Interpretation of legal meaning and application of projects This provision ensures that accumulated on-chain data can serve as a legal passport for exchange listings. In the past, there were regulatory such as having to pass the SEC risks' strict securities review or having the listing completely suspended. However, according to this bill, if the actual transaction figures and distribution of the blockchain are proven to meet the criteria with 'data,' the exchange will have the legal right to independently conduct a formal in-kind listing without being mindful of the government. This means that the transparent node distribution data and transaction records accumulated by the Pi Network serve as a basis for exchanges to list on a free pass without regulatory risks.
- Obligations to provide and link data to institutions and exchanges
The original legal text (Title III, Section 308)“Registered digital commodity exchanges and institutional intermediaries shall utilize continuous distributed ledger analytics tools to monitor, verify, and report real-time on-chain transaction data and fee metrics to ensure market integrity and provide empirical data for asset valuation.”
Korean interpretation
Registered digital commodity exchanges and institutional intermediaries are required to utilize continuous distributed ledger analysis tools that monitor, verify, and report real-time on-chain transaction data and fee metrics to ensure market soundness and provide empirical data for asset valuation.
Interpretation of legal meaning and application of projects This provision stipulates that exchanges and large financial institutions in the United States must mandatorily link and verify the on-chain data of the blockchain when handling specific virtual assets.
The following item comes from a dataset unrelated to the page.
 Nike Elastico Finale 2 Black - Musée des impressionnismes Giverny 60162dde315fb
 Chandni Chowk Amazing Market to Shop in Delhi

The exchange must constantly monitor the distribution channels of tokens, the degree of distribution of nodes, and real-time fee consumption patterns using its own distributed ledger analysis tools, and report this to regulatory authorities.At the same time, this bill exempts projects that have proven maturity by providing such transparent transaction data in real-time from securities regulations, allowing financial institutions to inject large-scale investment funds without risk based on clean data that is linked to the exchange in real-time.
- Comprehensive Conclusions and Future Forecasts
In conclusion, the value creation and asset disclosure stipulated by the Clarity Act are completely different from speculative ICOs, which were previously focused solely on user investment.
If the developer first builds a blockchain ecosystem and accumulates reliable transaction and fee data, the exchange will then, in accordance with the law, link this data to the system and autonomously proceed with formal listing. U.S. financial institutions will then use this verified and transparent data as a basis to inject legally and securely, creating an advanced institutional financial infrastructure.
The reason why the core team of Pi Network and Dr. Cheng Diao Pan have focused solely on the utility app ecosystem and transaction build-up, completely rejecting traditional ICOs for years, is also analyzed as a long-term legal strategy to perfectly pass the data review and listing standards of this Clarity Act and legally absorb institutional funds from Wall Street.